Pomysły są po to, żeby je realizować. Jakiś czas temu wpadła mi do głowy myśl, żeby w formie wymiany zdań z Timim pozostawiać w formie pisanej masę myśli jakie przebiegają przez głowę przy okazji meczów, czy też innych wydarzeń związanych z Celtami. Myśli są ulotne, naszych rozmów i rozważań na czacie nie widać już po godzinie plotkowania – dlatego taka forma zagości (myślę, że na stałe) na naszej stronie. Dziś kolejny odcinek, w którym porozmawiamy o naszej drużynie. Jak zawsze będzie to zbiór myśli ważnych, mniej ważnych, kompletnie nieistotnych i tych które Adaś skomentuje. Zawsze dobrze jest pogadać, poplotkować i zostawić coś po sobie. Taki bonusik od nas dla was – bo „Dzień Święty należy Święcić”.

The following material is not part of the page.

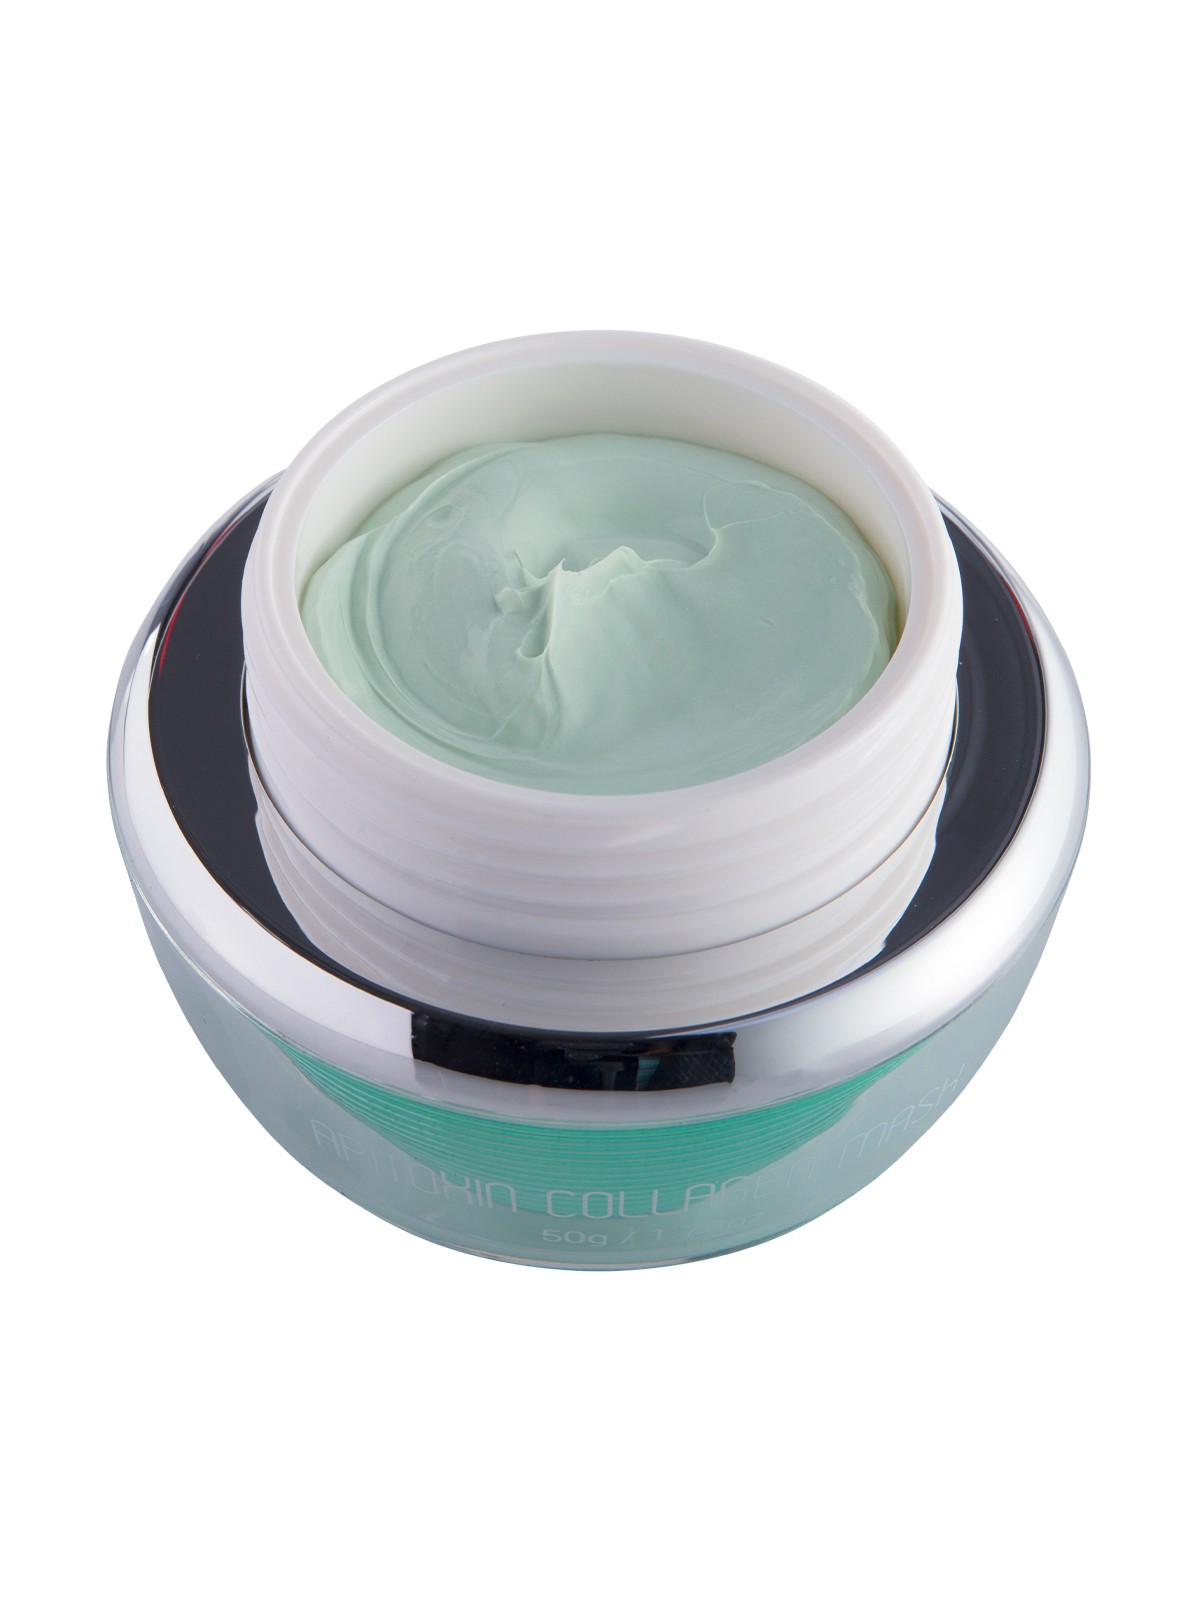 Apitoxin Collagen Mask with removed lid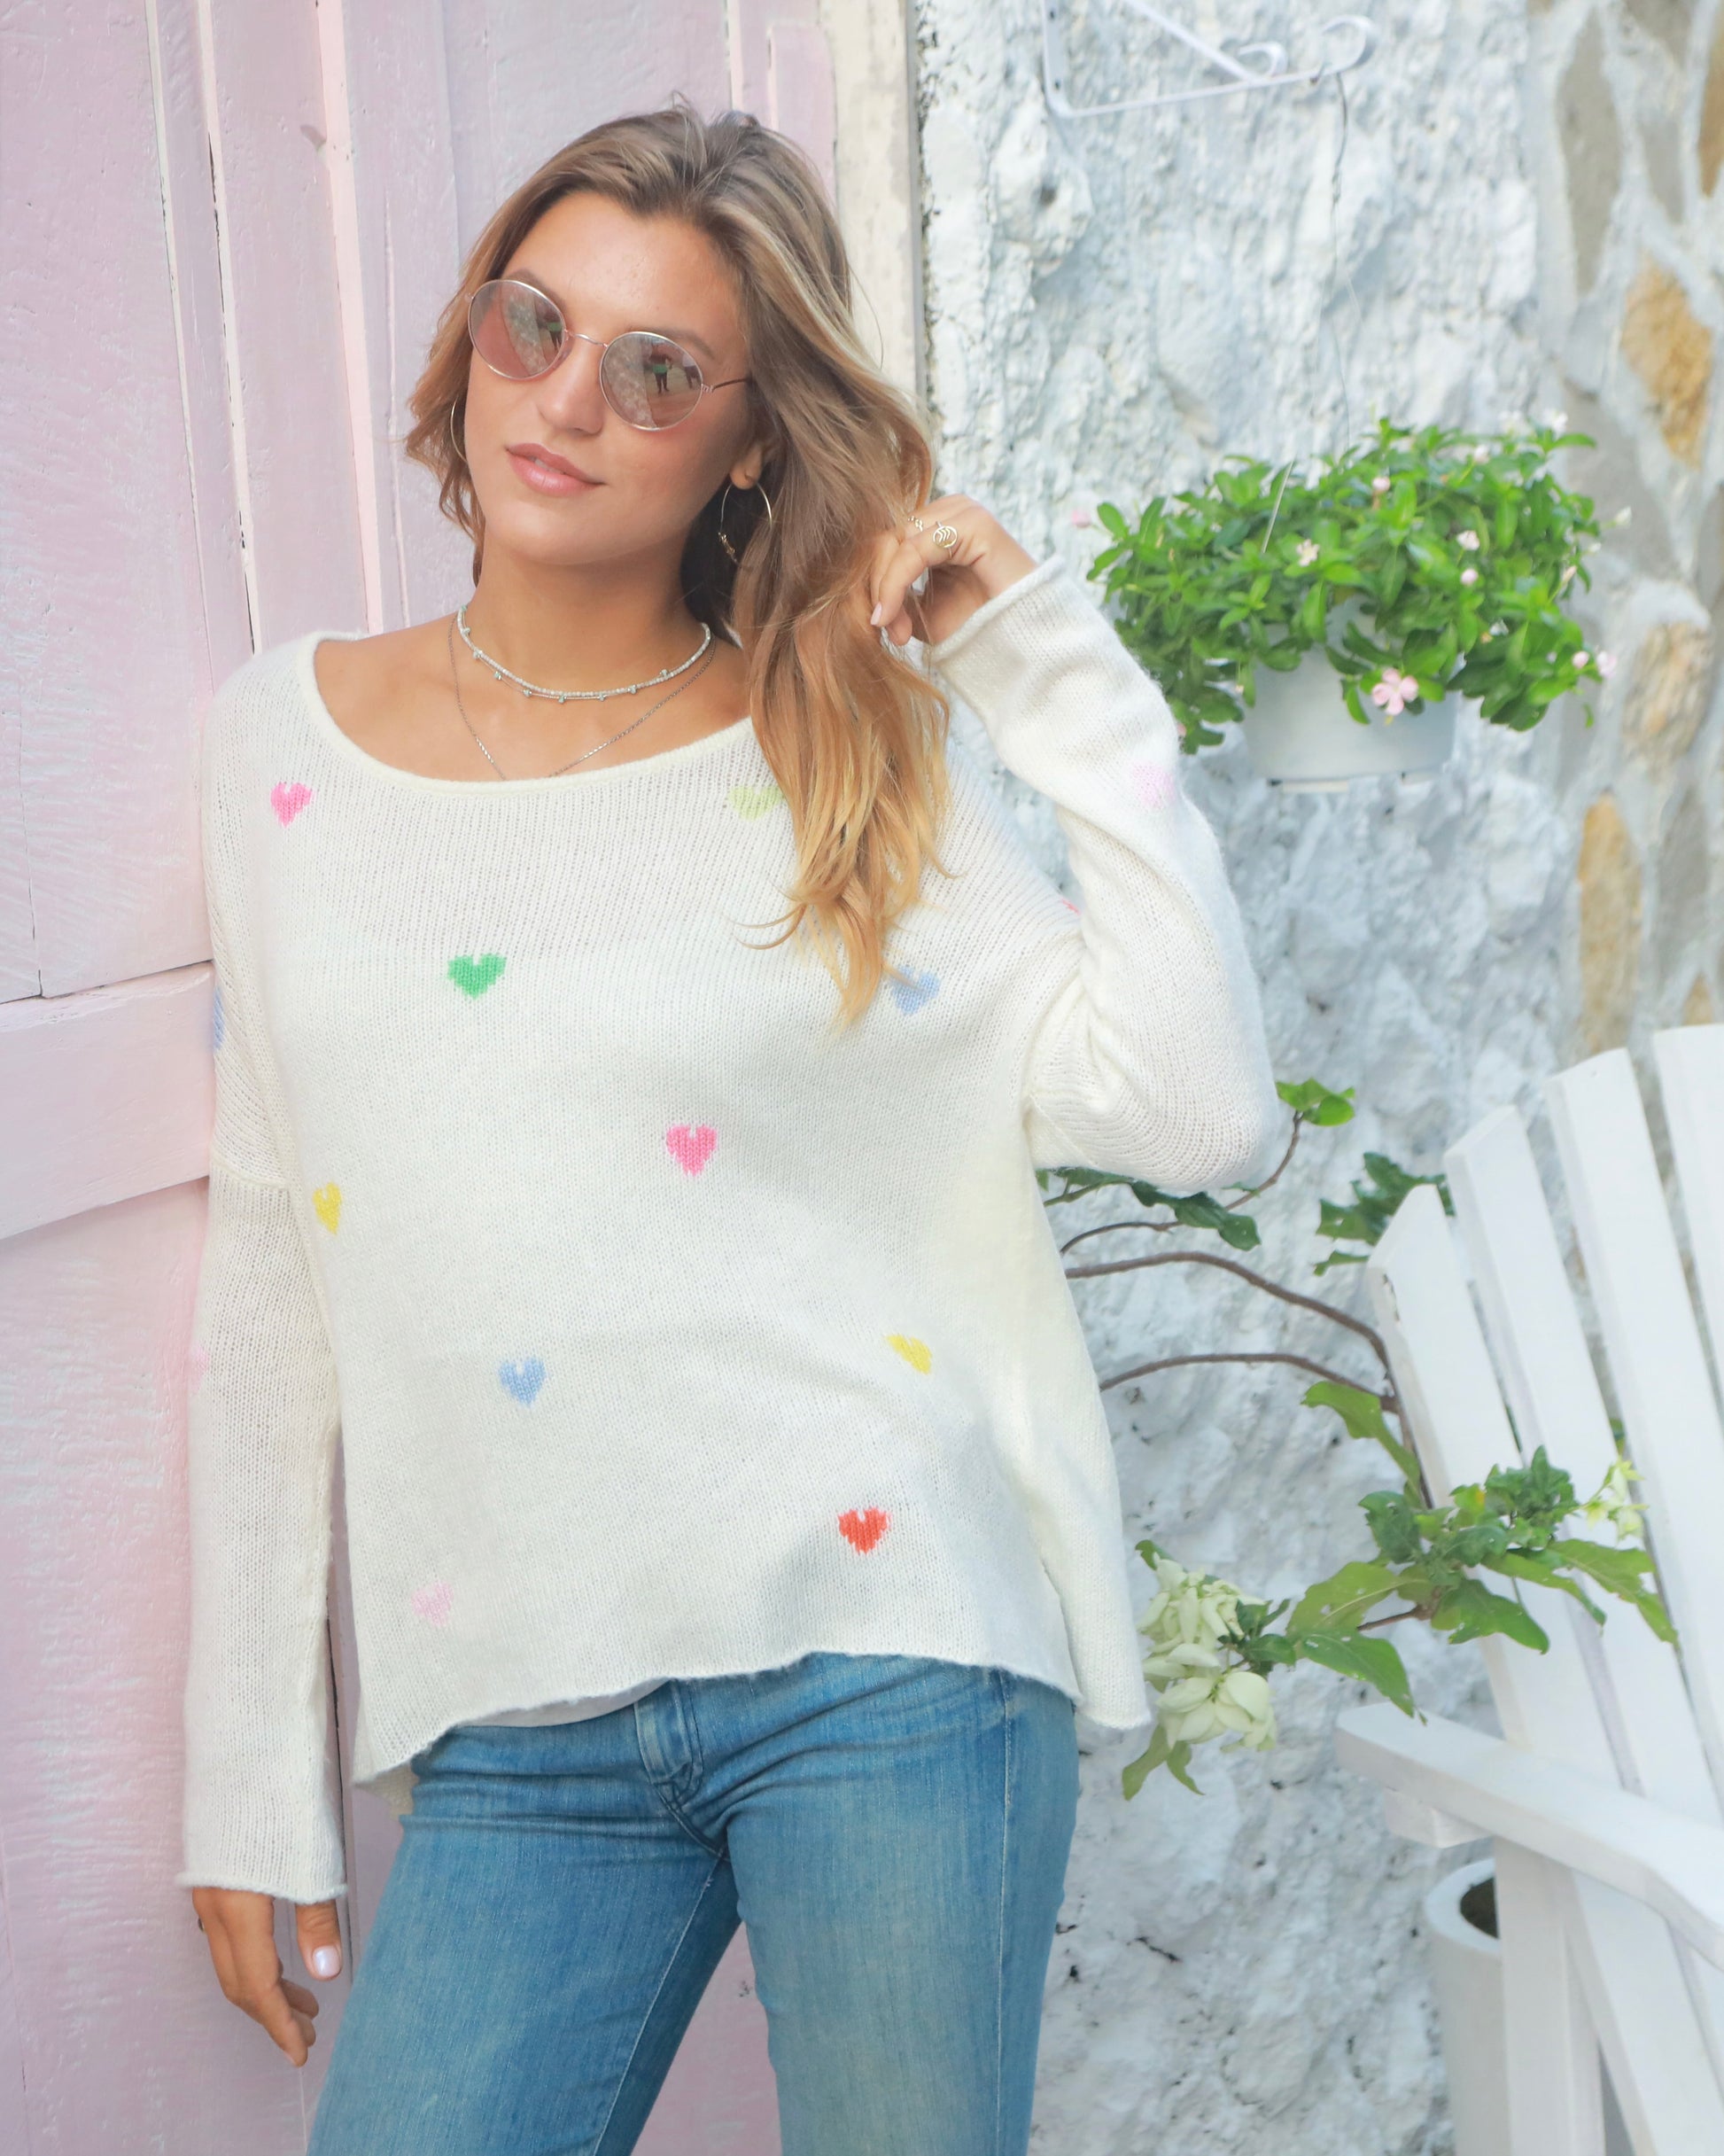 Model wearing Wooden Ships Rainbow Hearts Crew sweater wearing jeans and sunglasses standing outside against a pink door

[Adrian] Nic dawno nas tak nie rozpaliło, jak spotkanie z Houston. Rakiety nam nie zapomniały tej porażki w TD Garden i mecz był naprawdę wyborny, bo Celtics nie zamierzali drugi raz popełnić tego samego błędu i przespać 1 połowę. Mecz koniec końców przegraliśmy, ale to było jedno z najlepszych spotkań w naszym wykonaniu w tym sezonie. Jesli tak miałby wyglądać Finał – to jak sie okazało, nie tylko kibice Celtics nie mają nic przeciwko.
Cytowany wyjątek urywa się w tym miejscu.